▸ **WHAT THE TASK REQUIRES**
Reproduce every line of the material below exactly. No pictures belong in the copy.

▸ **DATASET EXCERPT**

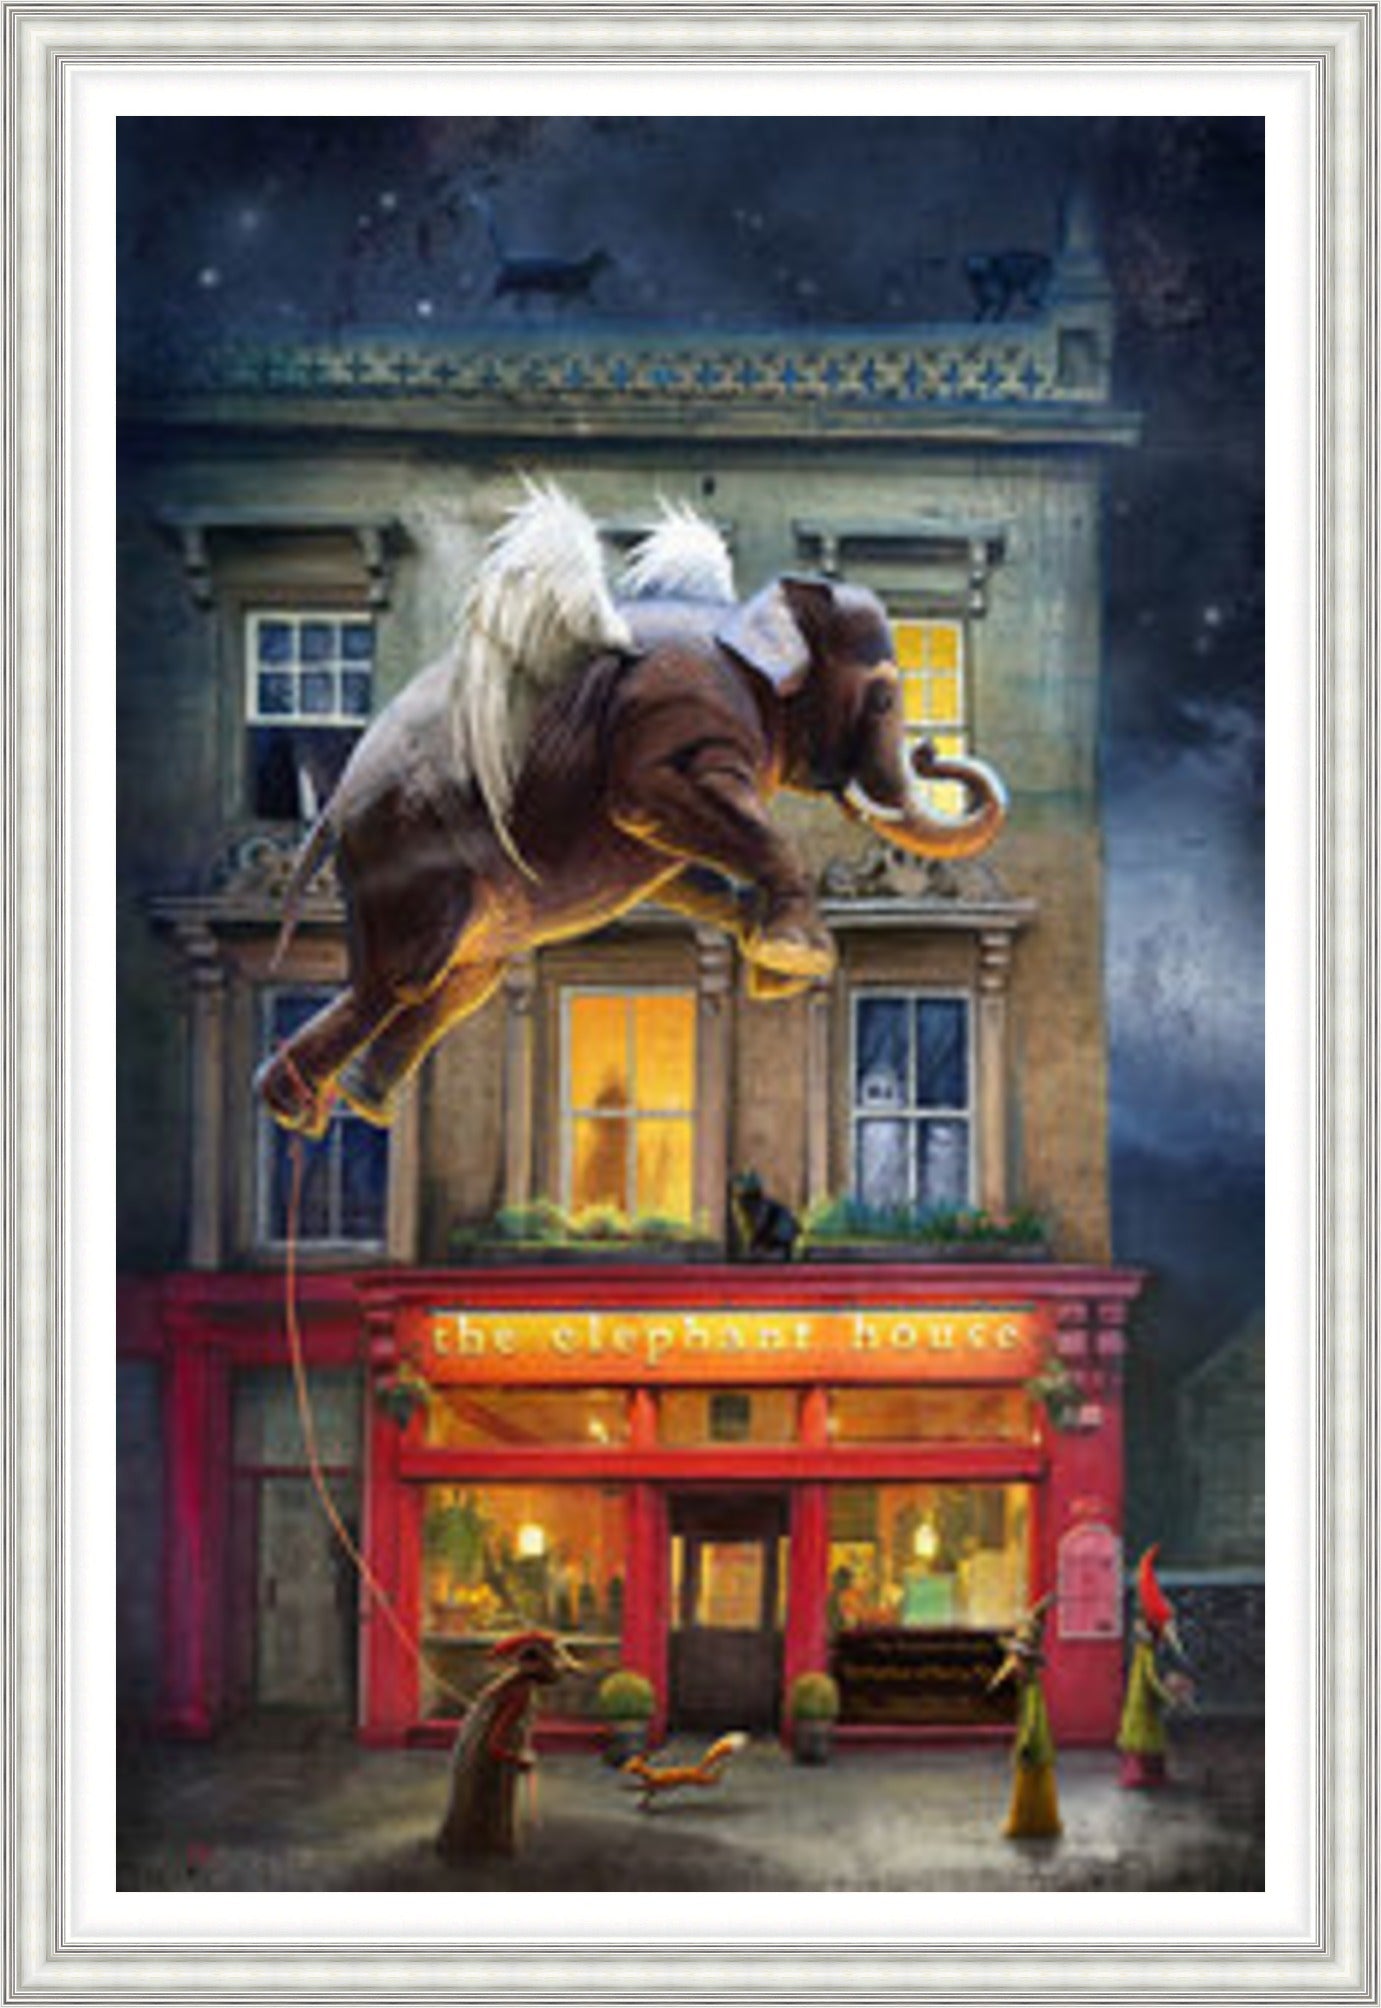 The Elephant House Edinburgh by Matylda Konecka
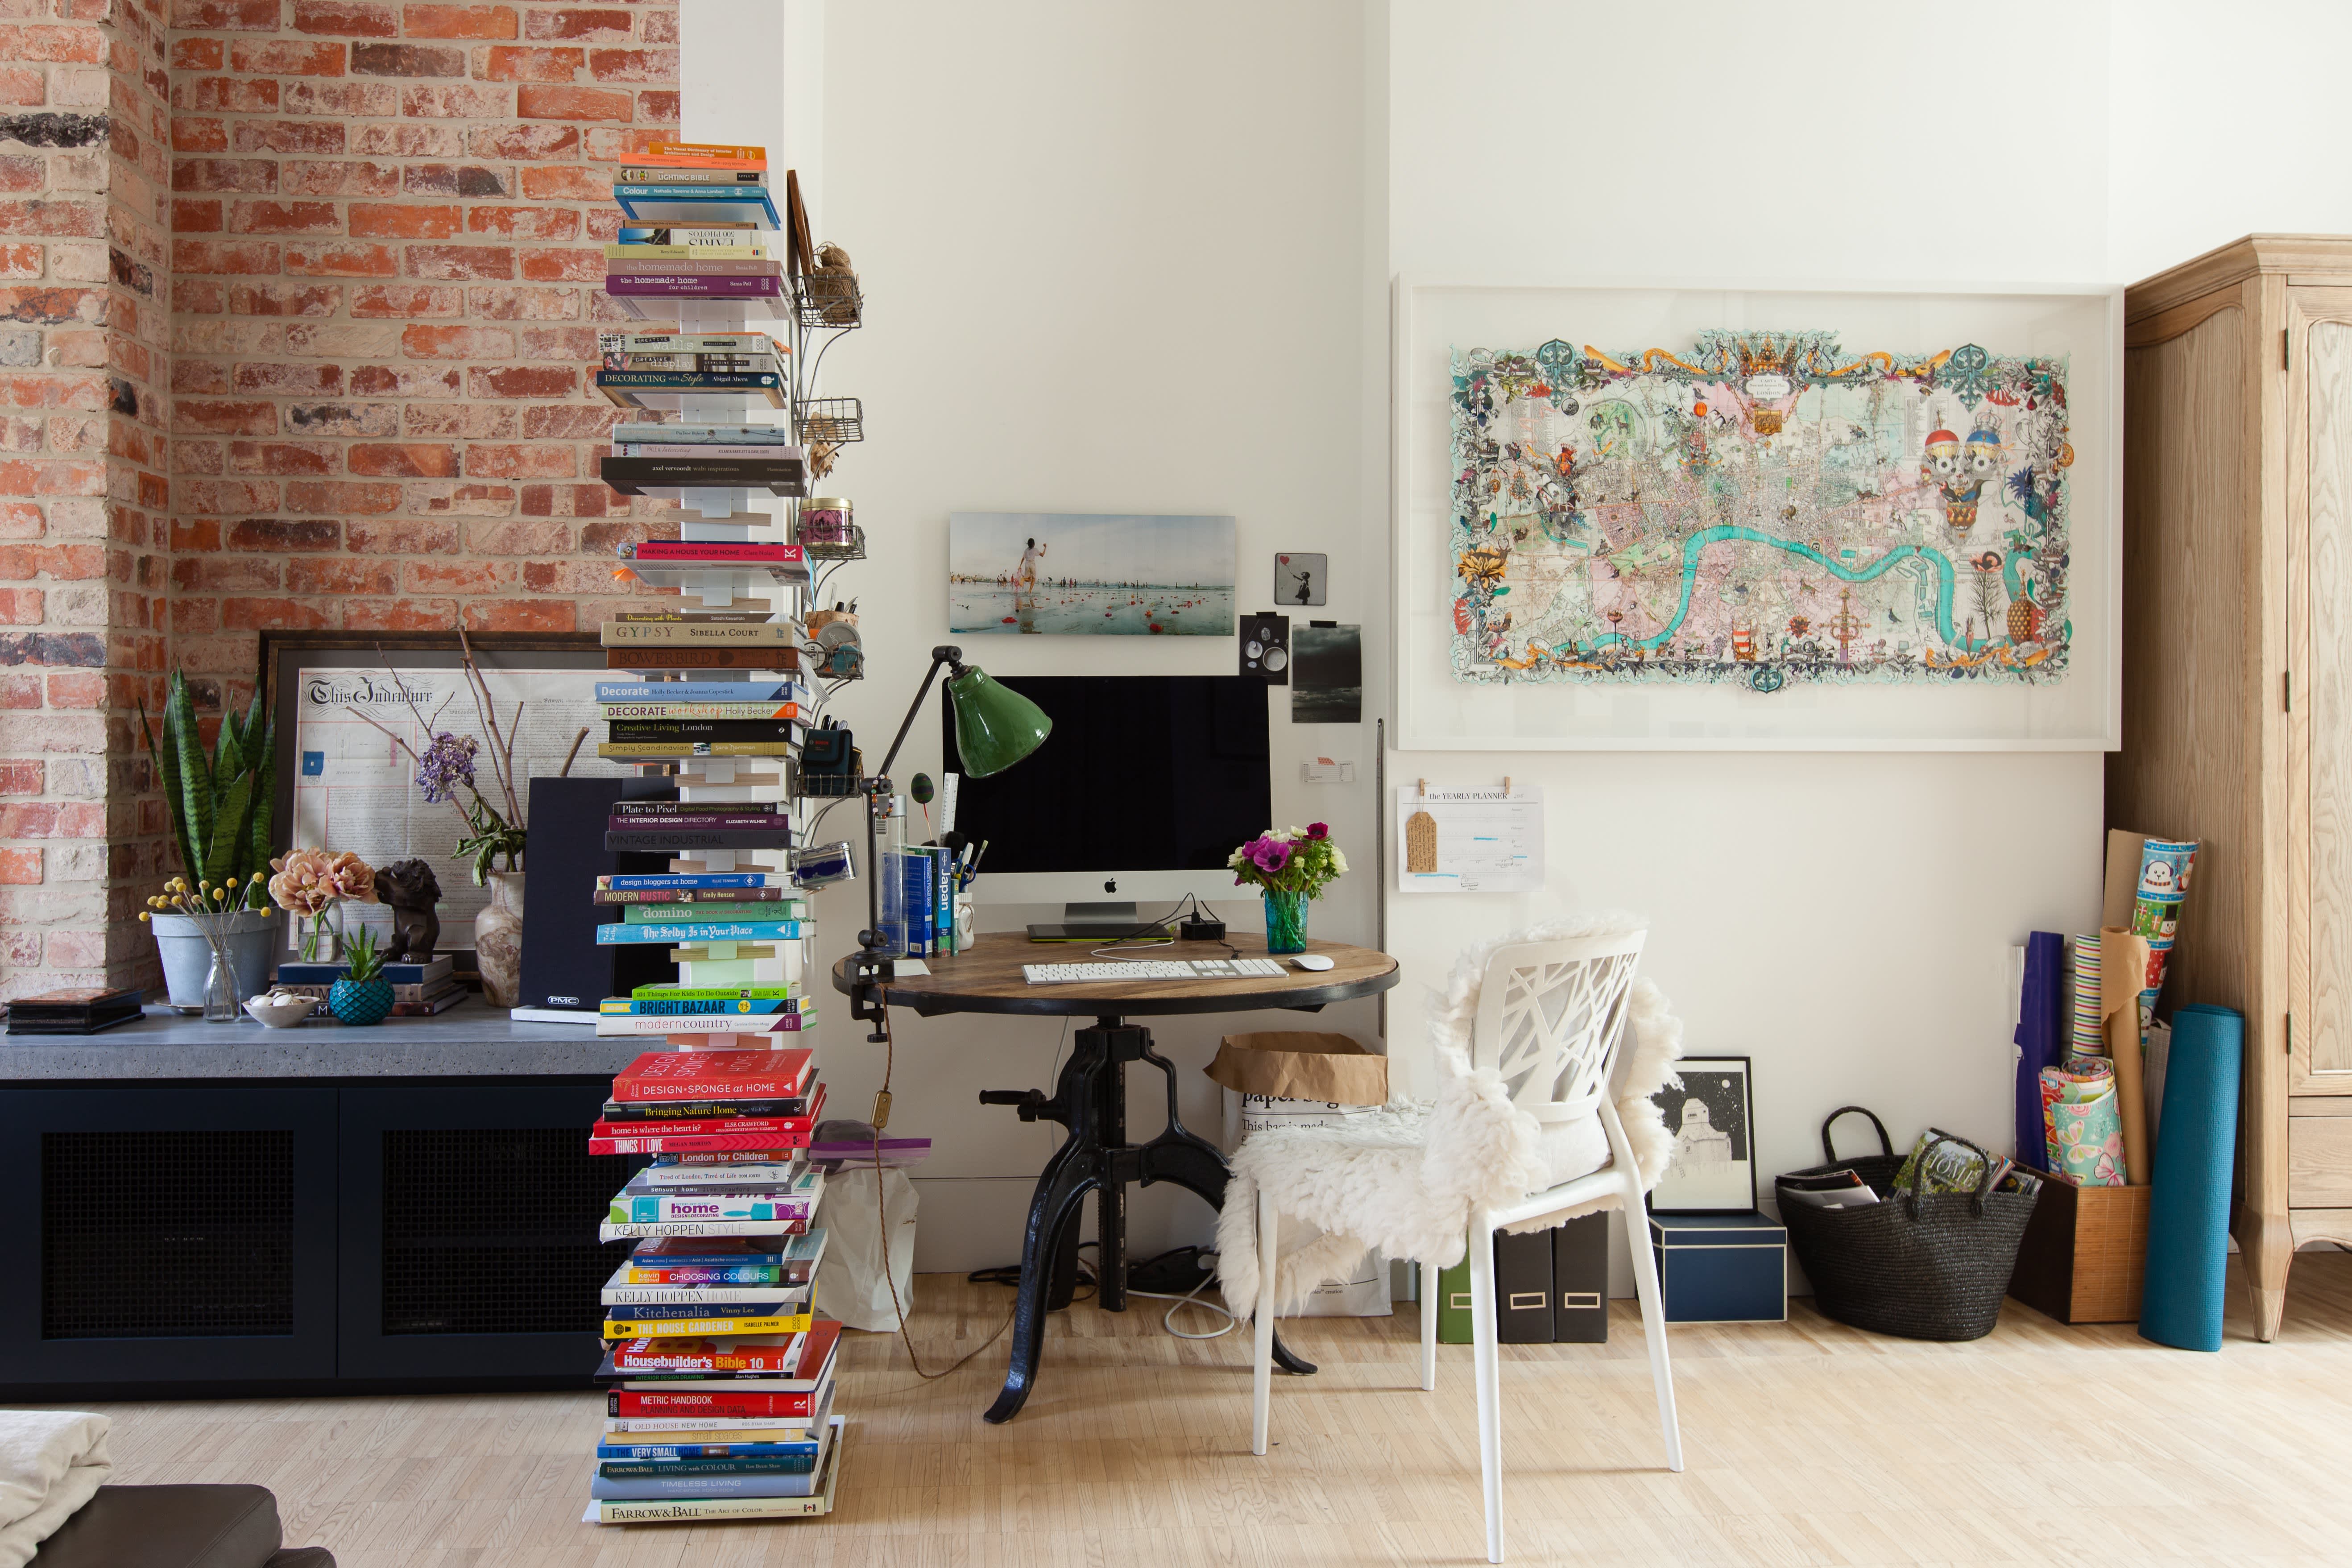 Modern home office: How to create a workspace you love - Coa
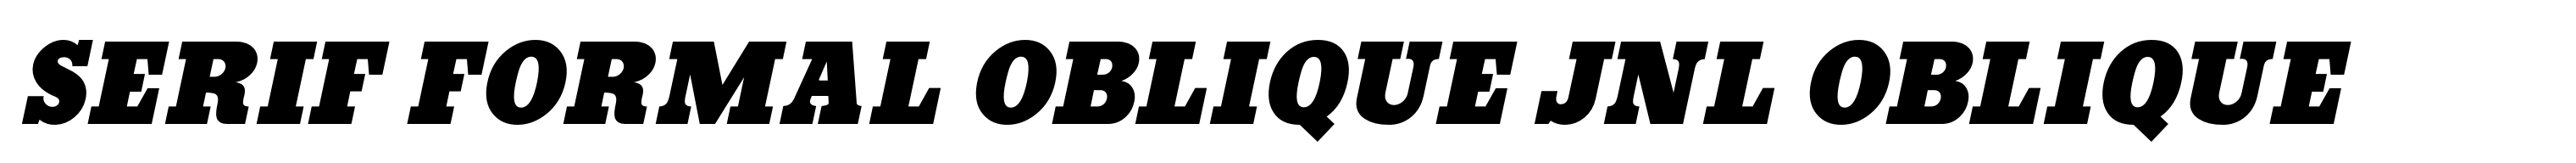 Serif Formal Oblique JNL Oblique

▸ **ANSWER SECTION**
 The Elephant House Edinburgh by Matylda Konecka
 Modern home office: How to create a workspace you love - Coa
 Serif Formal Oblique JNL Oblique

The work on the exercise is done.